Don't buy this if: Do not buy this if you cannot remember to cancel a recurring charge. The default-on subscription pattern on these funnels is engineered for the kind of busy week you are having.
— Dr. Rhett Calder · Internal medicine, retired (MD, board-certified 1989–2023)
Sources and review method
Supplement Skeptic reviews compare the visible label and sales claims against published research, dose ranges used in human studies, safety guidance, checkout terms, and refund mechanics. This page is not medical advice.
- Vendor sales page — ClickBank-listed sales page (active as of catalog import)

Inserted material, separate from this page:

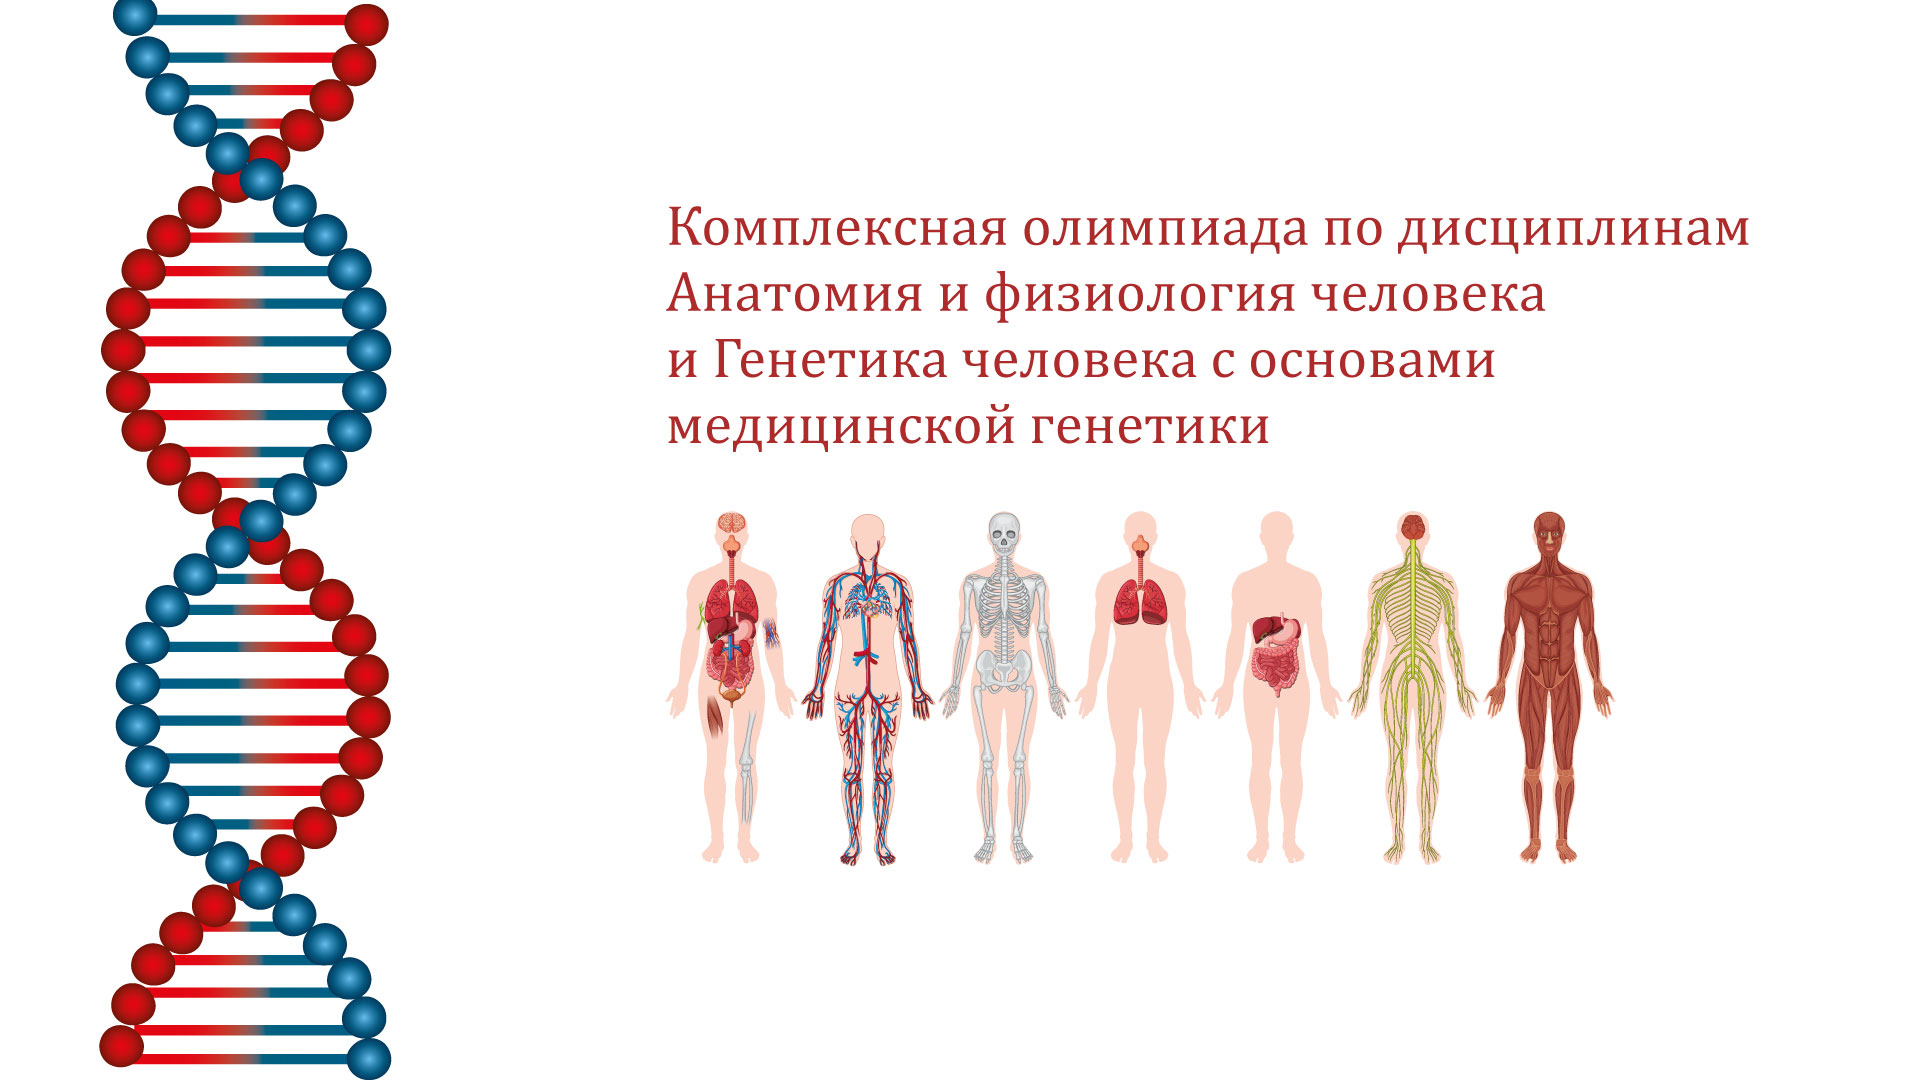 anatomiya-genetika.jpg (232 KB)

Frequently asked questions
- Is ErecPrime a scam?
- No, it's a real product that ships after payment, and the 60-day refund is honored through ClickBank. But it's a classic men's health supplement with overblown marketing and underdosed ingredients. That's not a scam — it's just not a good deal.
- What ingredients are in ErecPrime?
- The sales page name-drops Tribulus Terrestris, Epimedium (horny goat weed), Hawthorn, and Zinc. The full Supplement Facts panel isn't shown on the landing page, and the proprietary blend makes it impossible to know if the doses match those used in any positive studies.
- How does the 60-day refund work?
- Refunds are processed by ClickBank, not the vendor. Email ClickBank support with your order ID within 60 days, and you'll get your money back in 3–7 business days. You can return empty bottles — there's no restocking fee.
- Can ErecPrime really fix erectile dysfunction?
- There's no strong evidence that this formula can treat clinical ED. Epimedium has mild PDE5 inhibition in lab studies, but human data is thin. If you have persistent ED, see a doctor — not a supplement sales page.